> [Exercise objective]: Repeat every line of the listing below exactly, minus the pictures.

> [Dataset section]:

[Start of section]

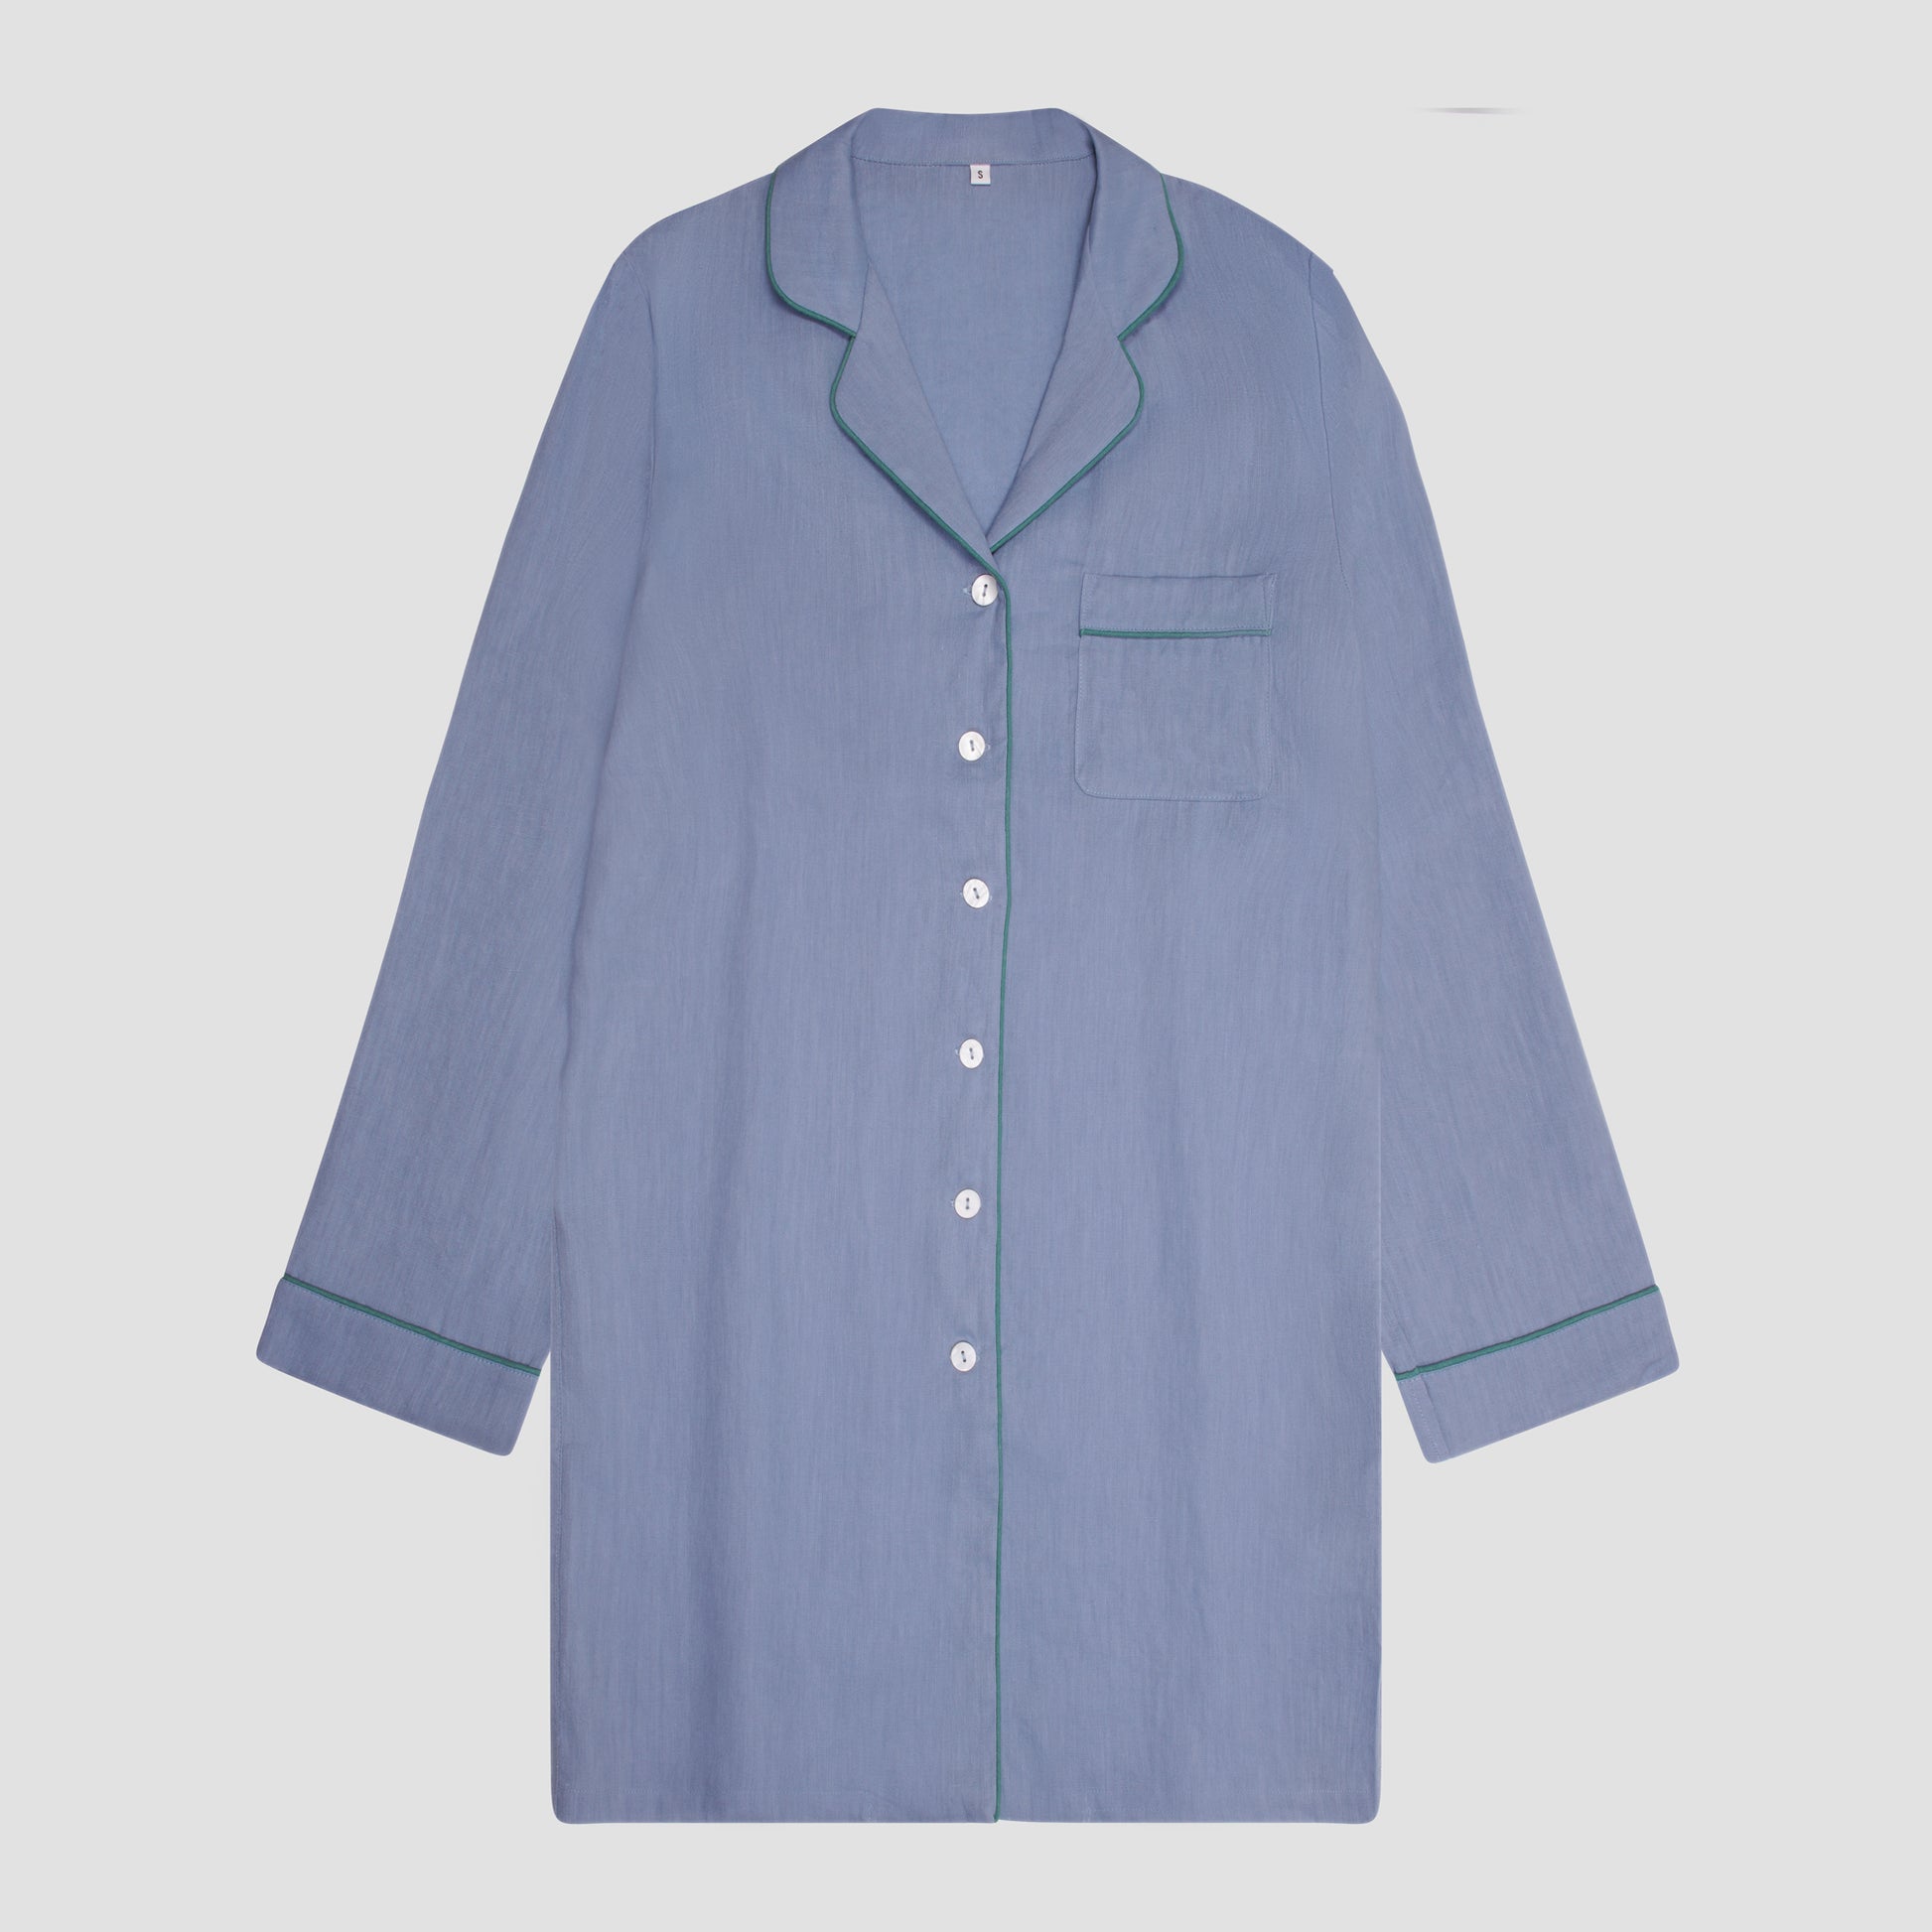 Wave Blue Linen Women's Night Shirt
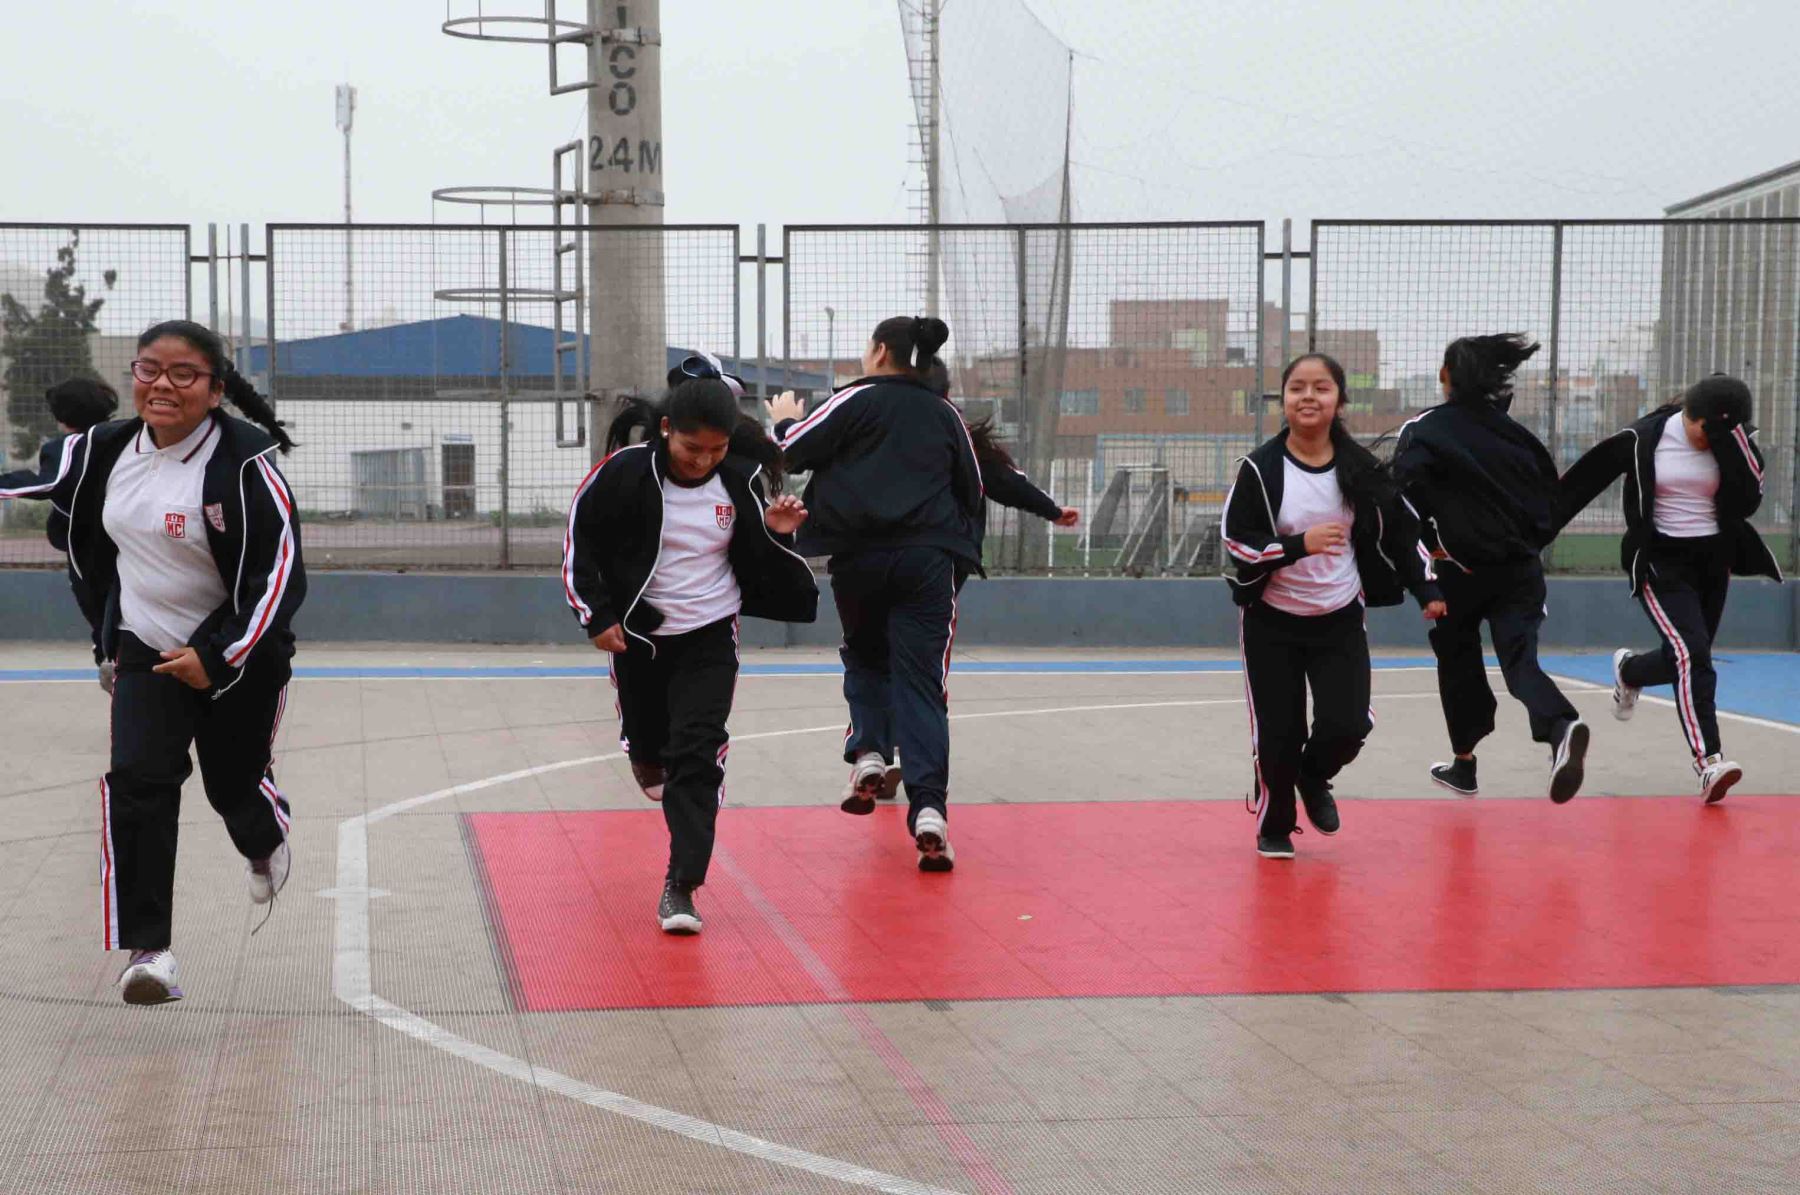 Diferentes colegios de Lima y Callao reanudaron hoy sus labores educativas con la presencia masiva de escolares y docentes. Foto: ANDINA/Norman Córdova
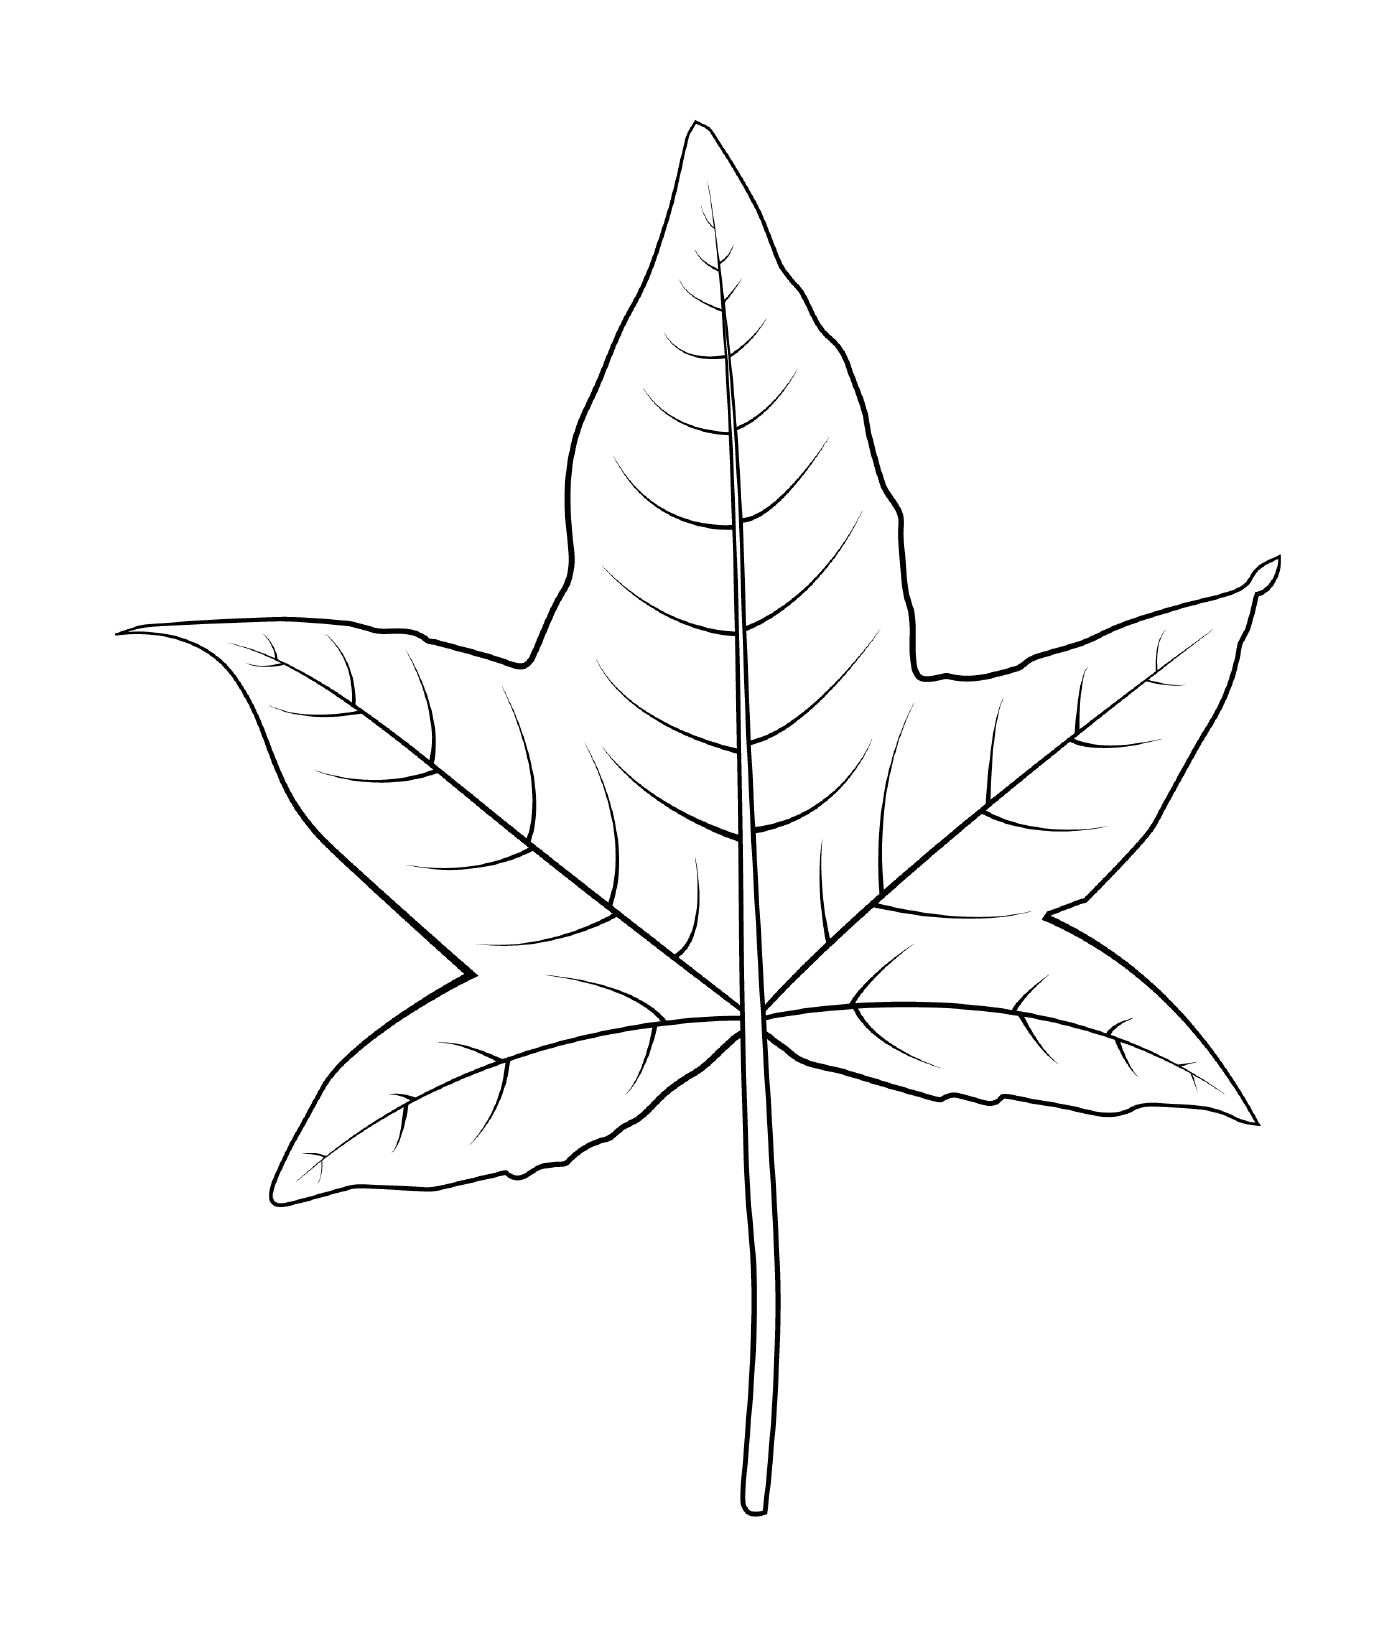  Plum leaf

[End of section]

> [Output of the exercise]:
 Wave Blue Linen Women's Night Shirt
 Diferentes colegios de Lima y Callao reanudaron hoy sus labores educativas con la presencia masiva de escolares y docentes. Foto: ANDINA/Norman Córdova
  Plum leaf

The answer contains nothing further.